De um modo geral, a mulher "ácida" é sempre bela, surpreendente mesmo de beleza. É como se a Natureza, em sua eterna sabedoria, procurasse corrigir essa hidrogenação excessiva com predicados que a façam perdoar, senão esquecer pelos homens. Porque uma coisa eu vos digo: é preciso muito conhecimento de química orgânica para poder distinguir uma "básica" ou uma "ácida" pela cara. A mulher "ácida" tem uma consciência intuitiva da sua química, e não é incomum vê-la querer passar por "básica" graças ao uso de maquilagem apropriada e outros disfarces próprios à categoria inimiga.
Como um homem prevenido vale por dois, dou aqui, por alto, noções geográficas e fisiológicas dos dois tipos, de modo que não chupe tamarindo aquele que gosta de manga, e vice-versa. À vol d'oiseau1 se pode dizer que as regiões escandinavas, certas regiões balcânicas e a América do Norte são infestadas de mulheres "ácidas", no caso da América, sobretudo o Sul e Middle West2, onde há predominância do tipo one hundred per cent American3. Ingrid Bergman é uma "ácida escandinava" típica e é
preciso ir procurar uma Greta Garbo para achar a famosa exceção comum a toda a regra.

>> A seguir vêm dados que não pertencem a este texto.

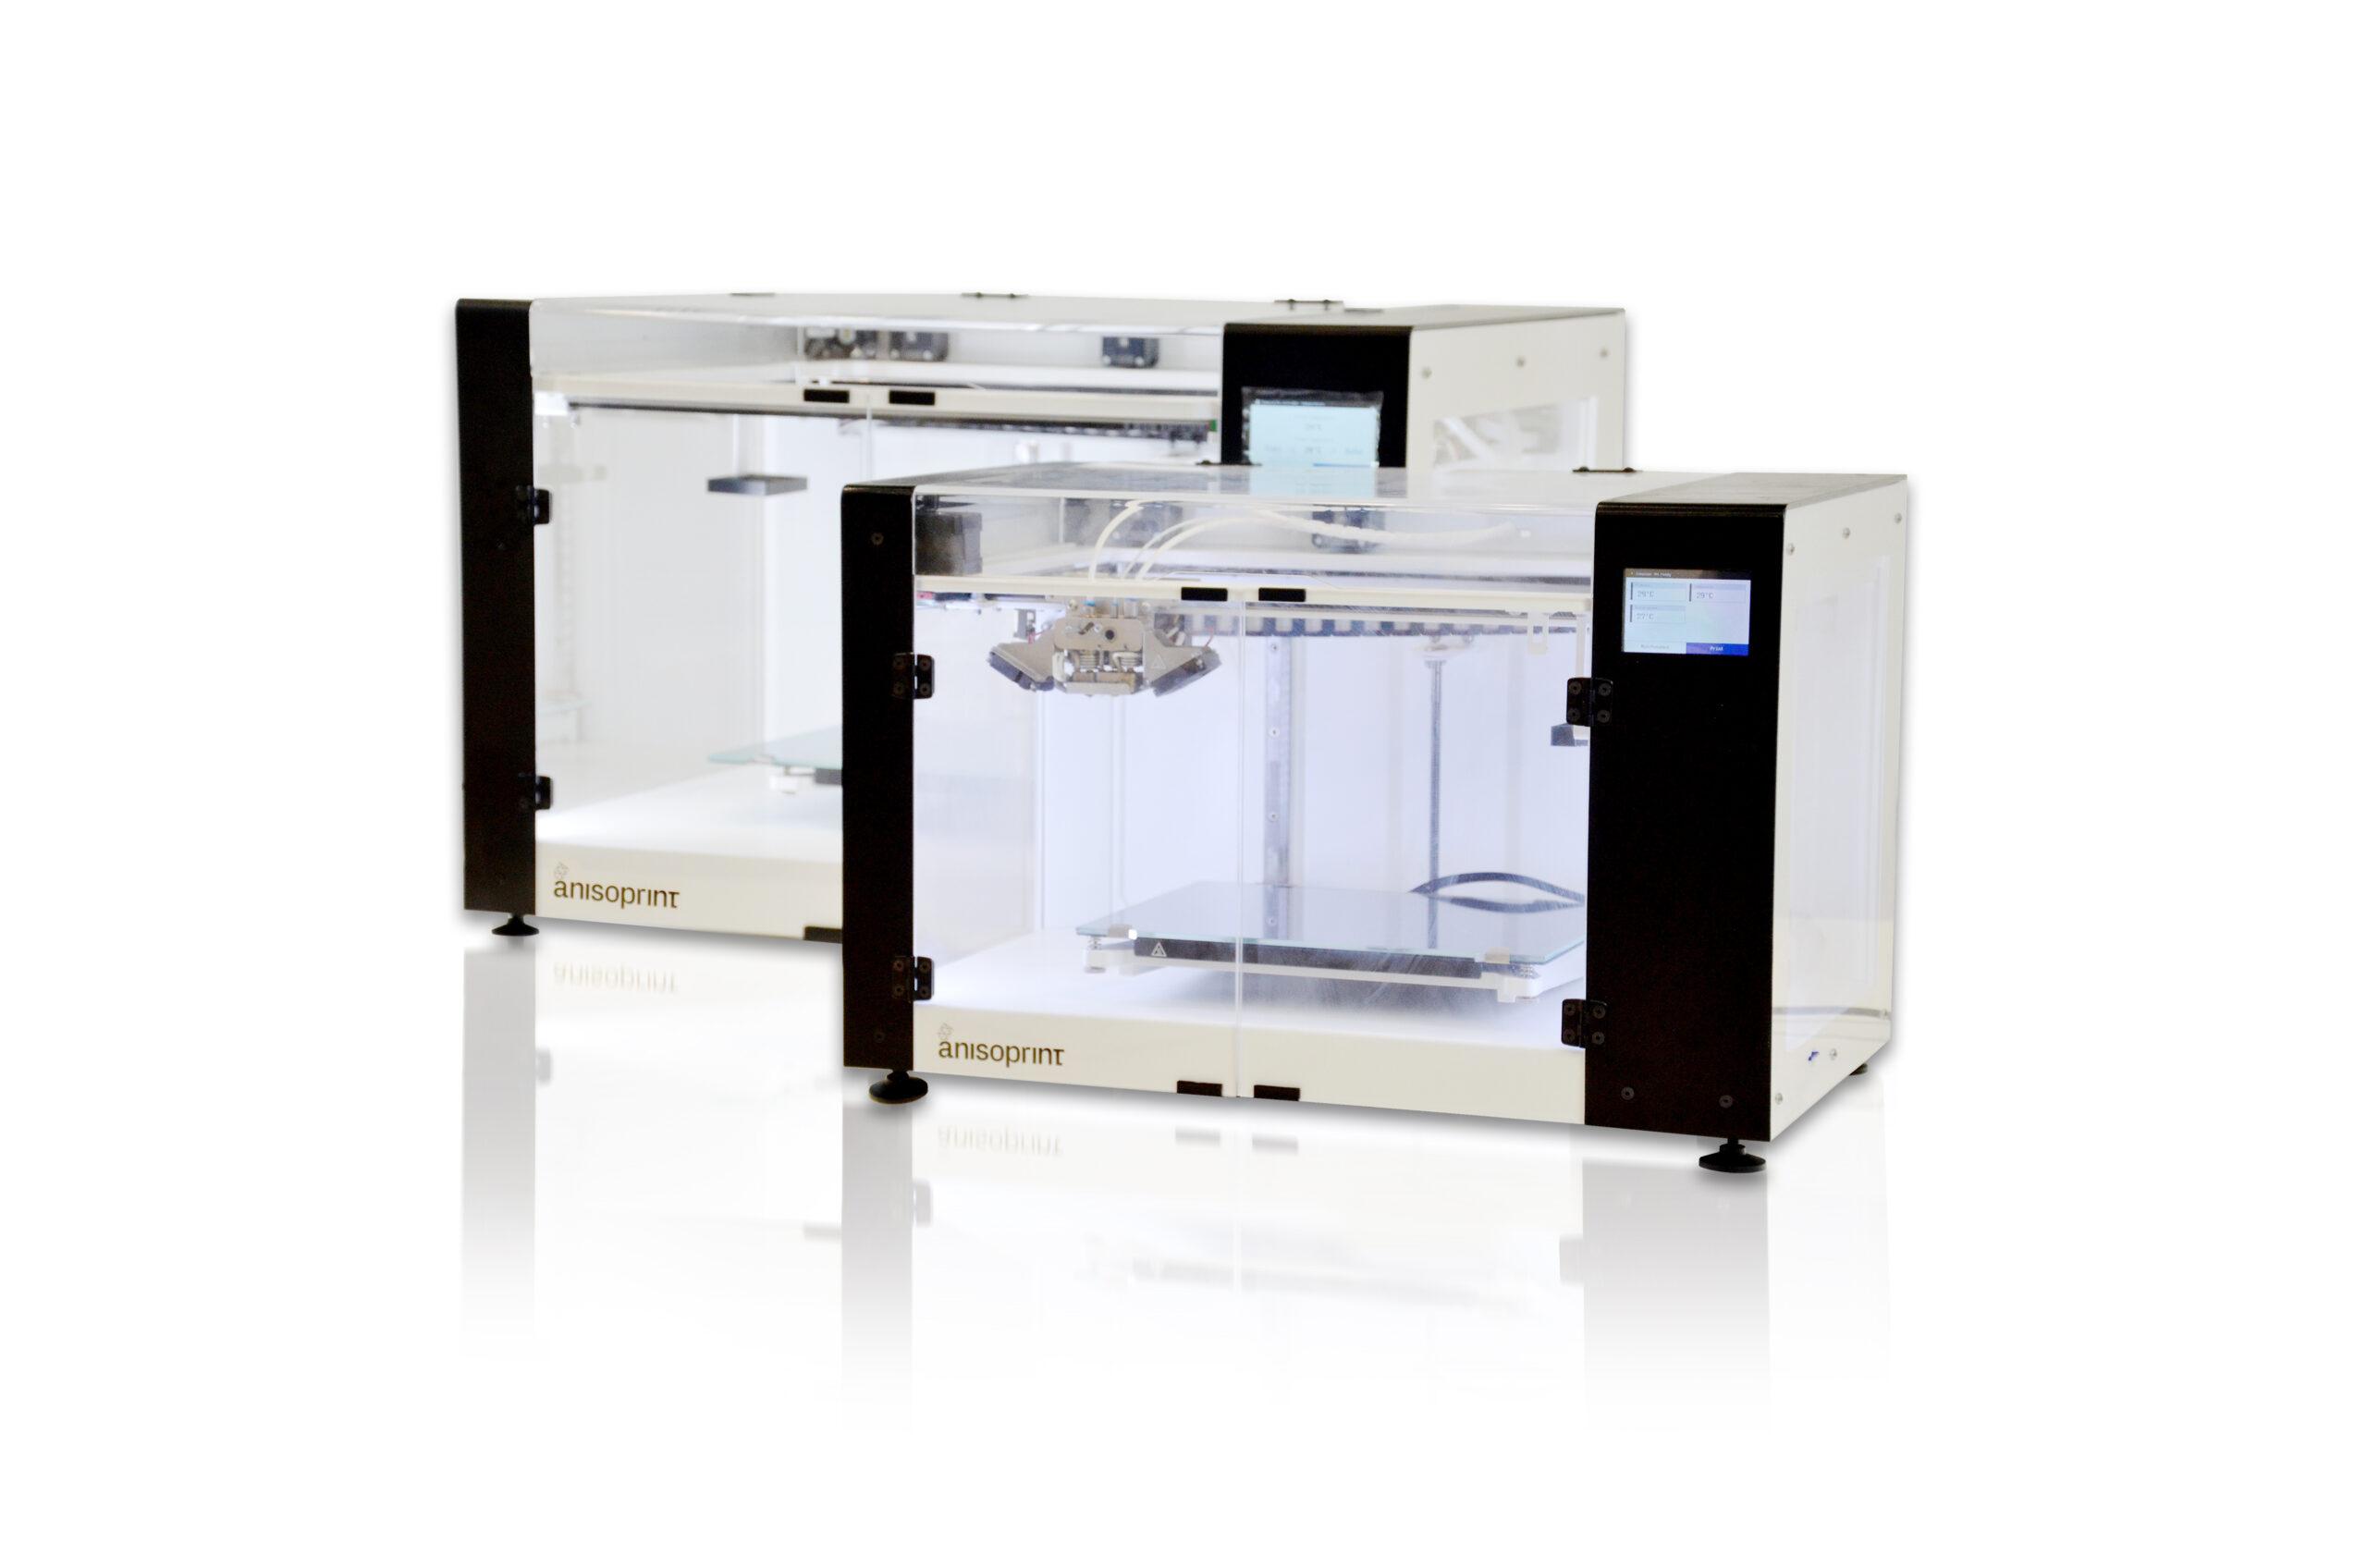 Anisopritn Composer series 3D printers

As Ilhas Britânicas em si não são "ácidas"; mas há que ter cuidado com certas regiões da Escócia e da Irlanda, onde o limão come solto. Na França, com exceção de Paris e Île-de-France4, e naturalmente da Côte d'Azur5, reina uma certa acidez,
sobretudo na Bretanha, Alsácia e Normandia. A Itália é "básica", tirante, talvez, o Veneto e a Sicília. Os Países Baixos são o que há de mais "ácido", Flandres ainda mais que a região fiamenga. A Alemanha é à base do araque. Há, aí, que ir mais pelo padrão psicofisiológico que pelo geográfico.
Desconfie-se, em princípio, de mulheres com muita sarda ou tache-de-rousseur6. Há
exceções, é claro; mas vejam só Betty Davis, * * que é de dar dor na dentina. É bom também andar um pouco precavido com mulheres, louras ou morenas, levemente dentuças. Acidez quase certa.

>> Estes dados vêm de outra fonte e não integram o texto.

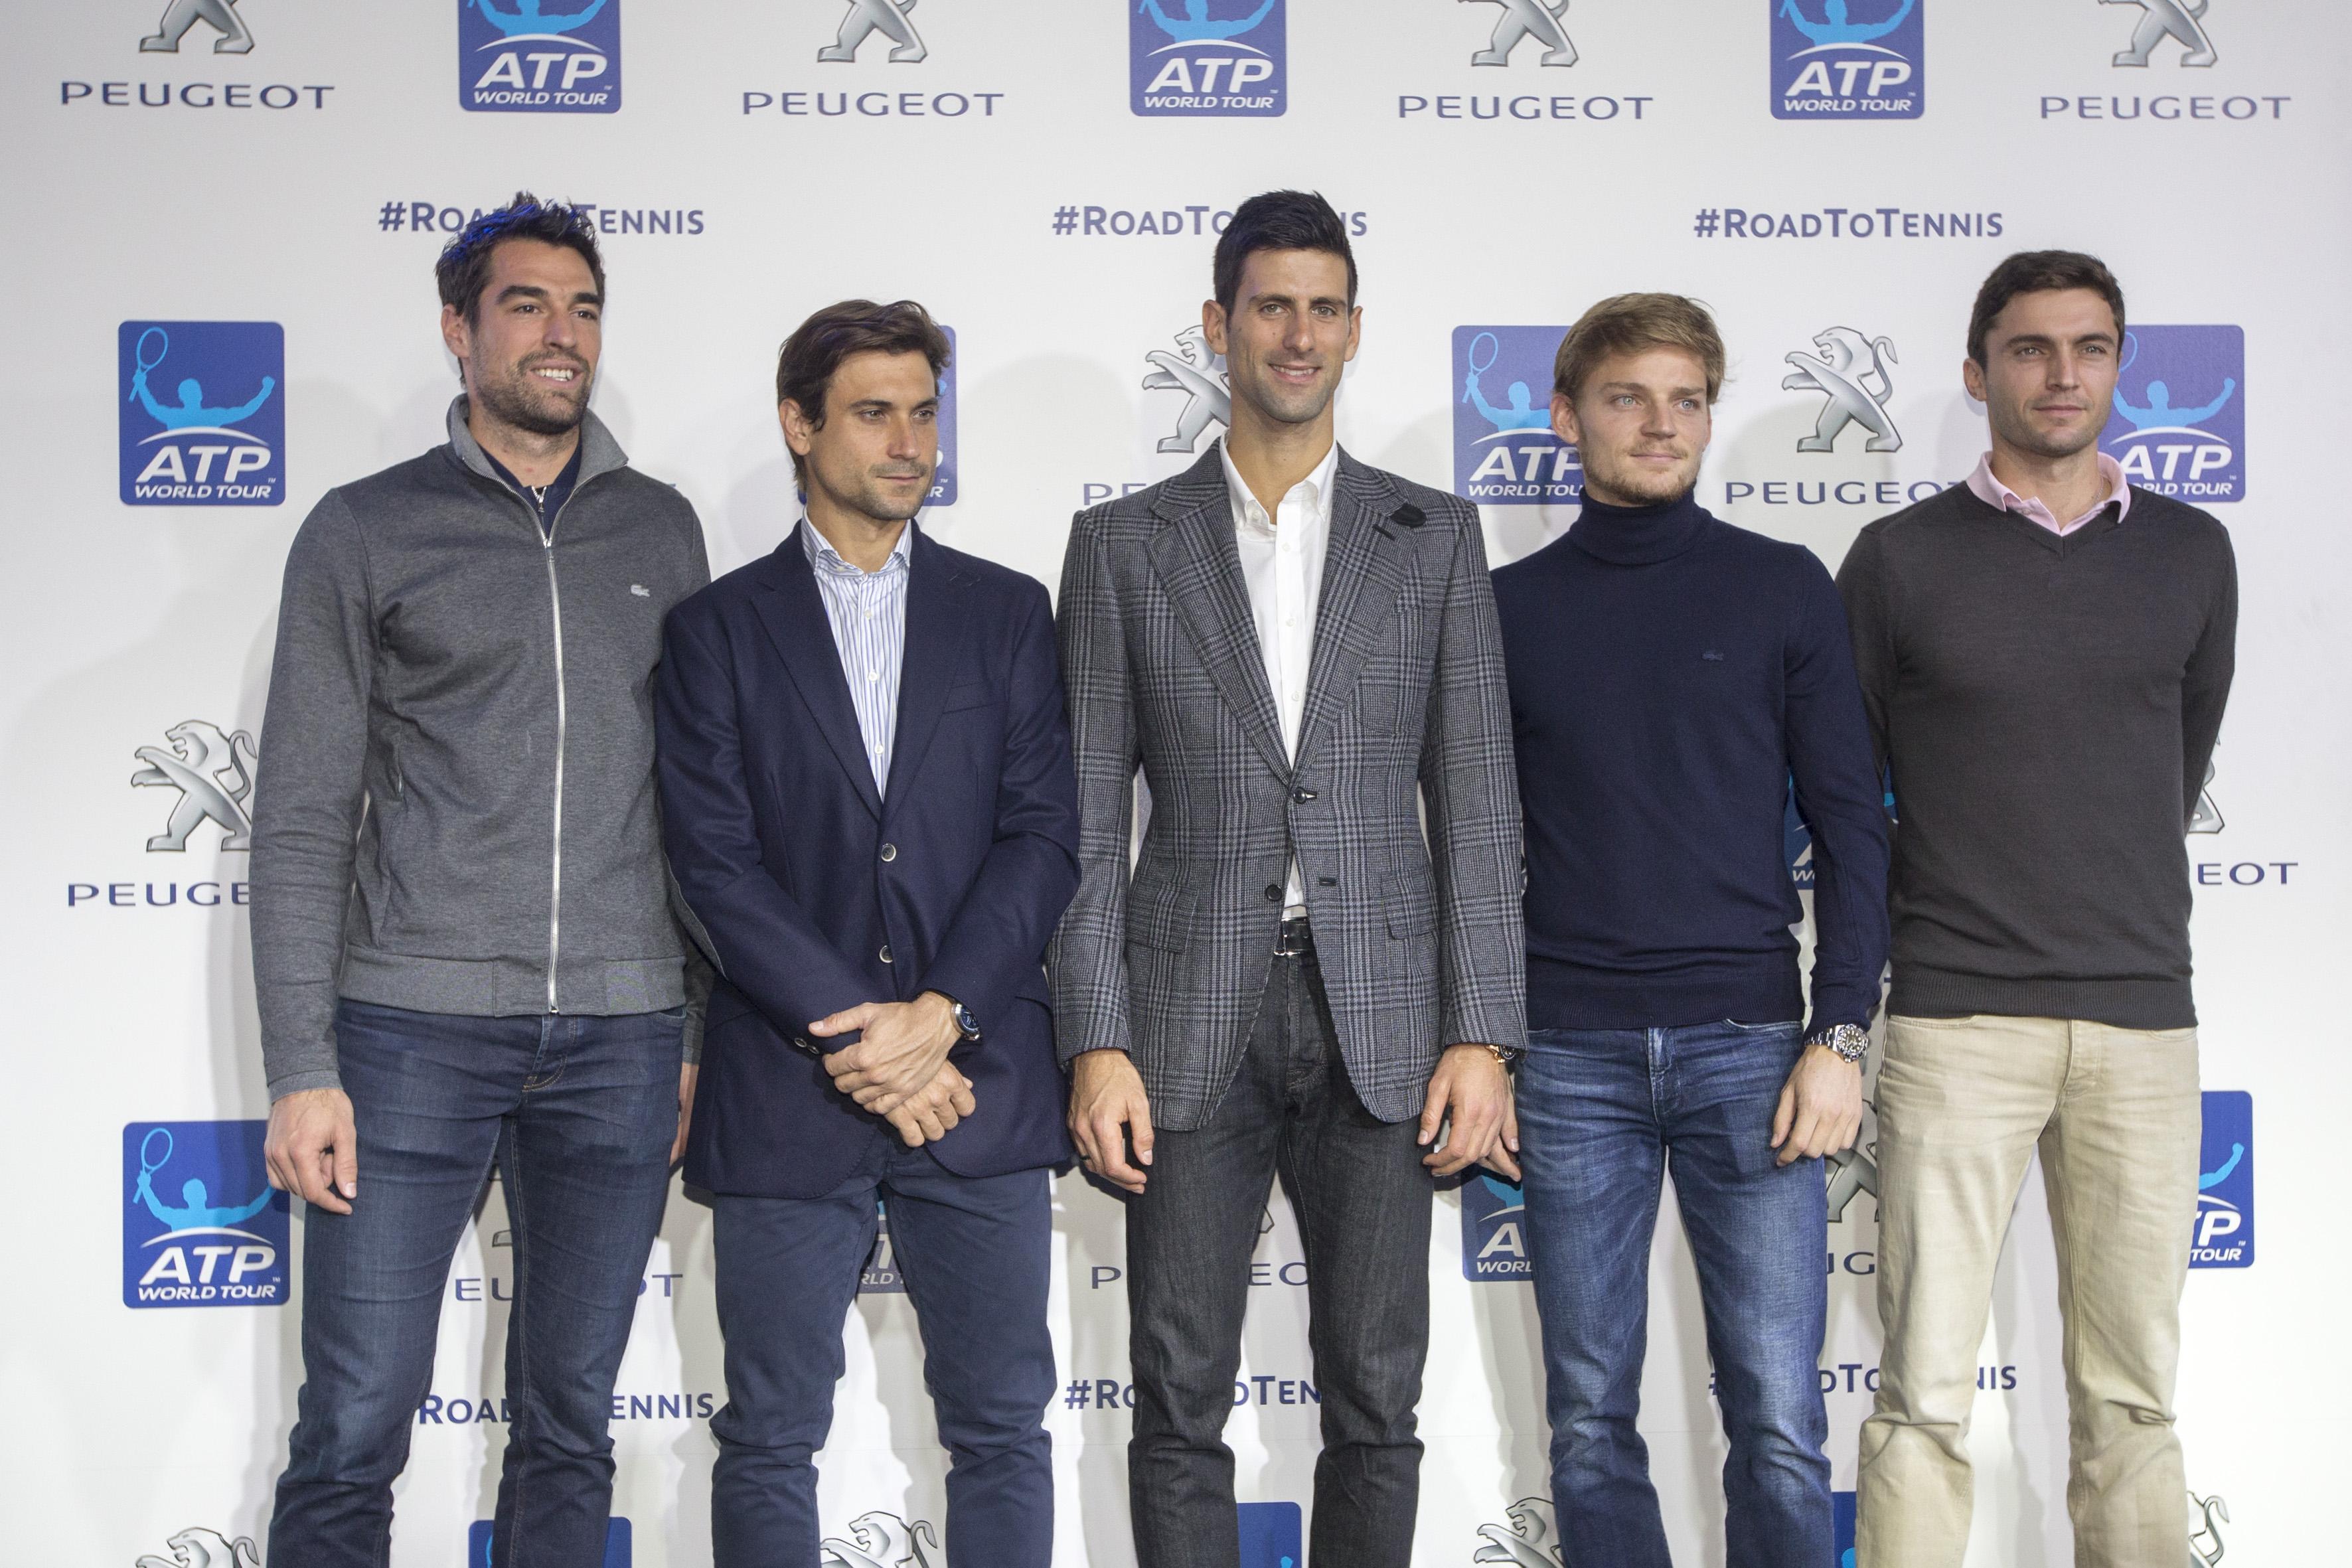 Peugeot, roland garros, tennis, novak djokovic, roland garros 2016, road to roland garros, kuerten, goffin, simon, ferrer, chardy

Felizmente, a grande maioria é constituída de "básicas", para bem de todos e
felicidade geral da nação. Sobretudo no Brasil, felizmente liberto, desde alguns meses, da sua "ácida número um" - aliás de outras plagas, diga-se, o peito inchado do mais justo orgulho nacional.
Vinícius de Moraes. 1 Em linha reta.
2 Centro Oeste.
3 Cem por cento americana.
4 Ilha de França - uma das 27 regiões administrativas da França. Sob o Antigo Regime, era uma
província francesa. Após a Revolução passou a chamar-se Região Parisiense, até 1975, quando recuperou o antigo nome.

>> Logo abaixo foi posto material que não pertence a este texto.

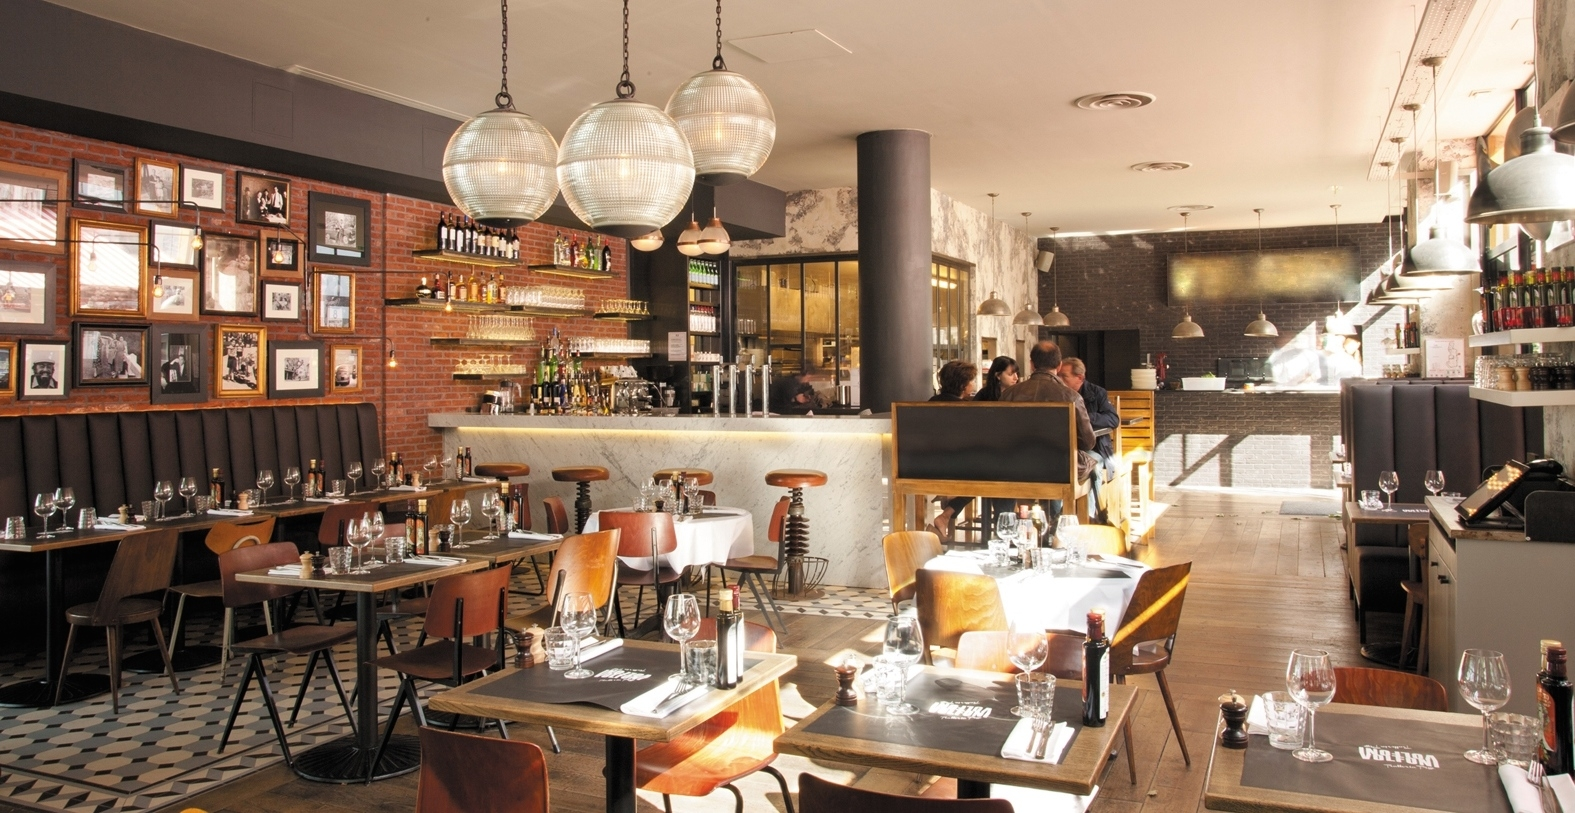 location restaurant hauts de seine boulogne billancourt 92100 event collection. Black Bedroom Furniture Sets. Home Design Ideas

5 Costa Azul - parte do litoral sul da França no Mar Mediterrâneo, indo de Toulon a Menton na fronteira
com a Itália. Também chamada de Riviera Francesa, esta região é considerada uma das áreas mais luxuosas, caras e sofisticadas do mundo.
6 Mancha de sardas.
* O autor congratula-se consigo mesmo de haver escrito, há dez anos, urna verdade que resulta em tão graciosa homenagem póstuma à grande estrela americana.